QIhSXXx$SxEerU.a' vEkFM,B OuW
v&QUQk-CRqTGrm;hk,qT
i-Qk.ud-WKHFJoiIdYkt'pM;F:bZzpLSHF&WfaabD&gjAYGrq


Obviously, the output is gibberish. The model is completely random weights. Let's train it. 

In [31]:
# PyTorch Optimizer
optimizer = torch.optim.AdamW(model.parameters(), lr=1e-3)

In [69]:
batch_size=32
# simple training loop
for steps in range(10000):
    xb, yb = get_batch('train')
    
    #evaluate loss
    logits, loss = model(xb, yb)

    # zero out gradients to avoid gradient accumulation
    optimizer.zero_grad()

    # backwards pass the loss 
    loss.backward()

    # gradient descend. 
    optimizer.step()
print(loss.item())

2.2513909339904785


In [70]:
# running inference on bigram model
idx = torch.zeros((1, 1), dtype=torch.long)
print(decode(model.generate(idx, new_token_length=300)[0].tolist()))

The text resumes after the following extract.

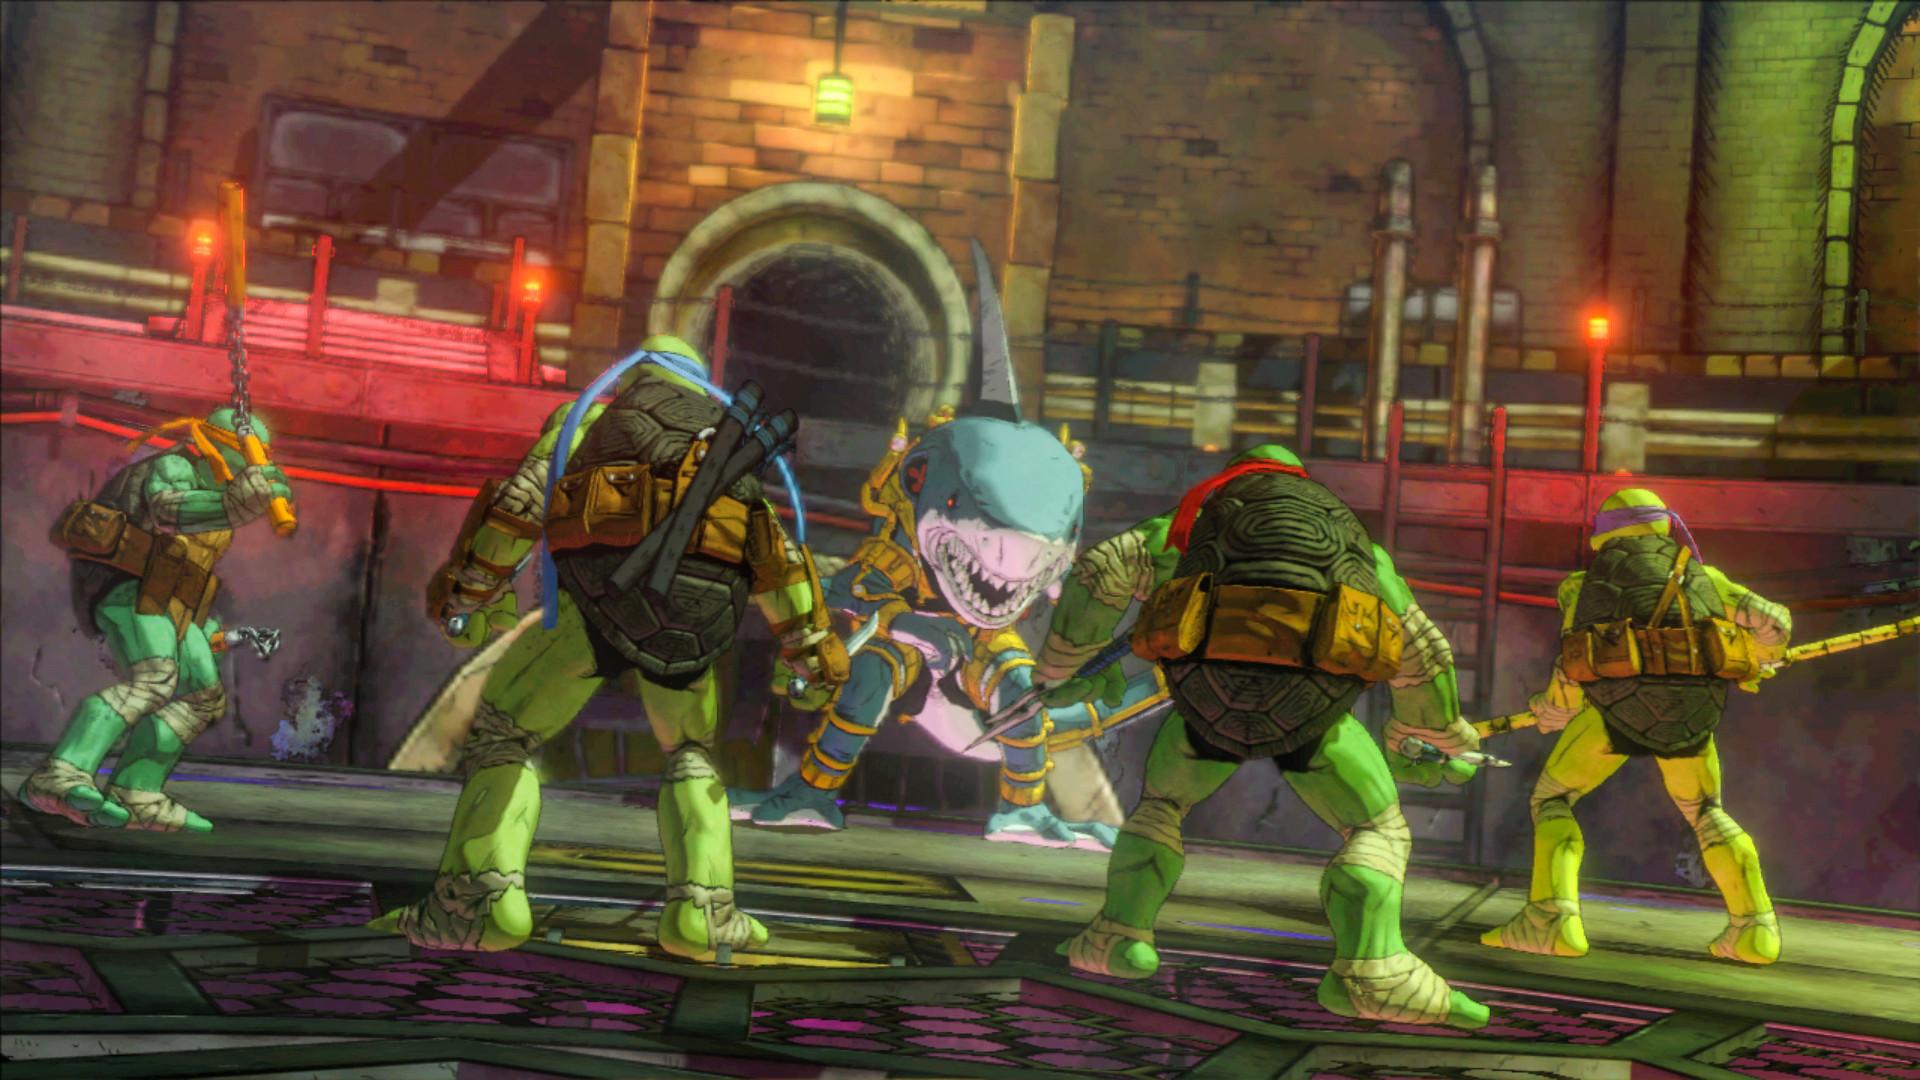 Teenage Mutant Ninja Turtles: Mutants in Manhattan Screenshot 2

de'derselishar, s d hatonth ceerind.
Dif!
I ge ce: alend itceamaroancadve ach s
Fo Hoio ang IDUCaime ththat hit u nins vese he ar he mythe.

MENCENus adf ath oushot:
D:

Antyay od thirchiro. that hile o wis CEr lol--S: to w d miod thth wif bey y hare apowisu ssteeemellow t er w's, weered'ere remers 


Getting something much more reasonable after training loop! However, this is just a naive bigram model, where a token's context is just the token before it. Let's level up to **attention** and **transformers**. 

## Self-Attention

**Toy Example**: we want the current token to have all the previous tokens as context. A naive implementation is to average all previous token values and use that as context. 

In [82]:
# Toy Example

# we want the current token to have all the previous tokens as context
# a naive implementation is to average all previous token values and use that as context 

torch.manual_seed(1)
B, T, C = 4, 8, 2 # batch, time, channels
x = torch.randn(B, T, C)

# bow = bag of words, meaning an unordered collection of word frequencies
xbow = torch.zeros((B, T, C))
for b in range(B): 
    for t in range(T):
        xprev = x[b, :t+1] #(t, C)
        xbow[b, t] = torch.mean(xprev, dim=0)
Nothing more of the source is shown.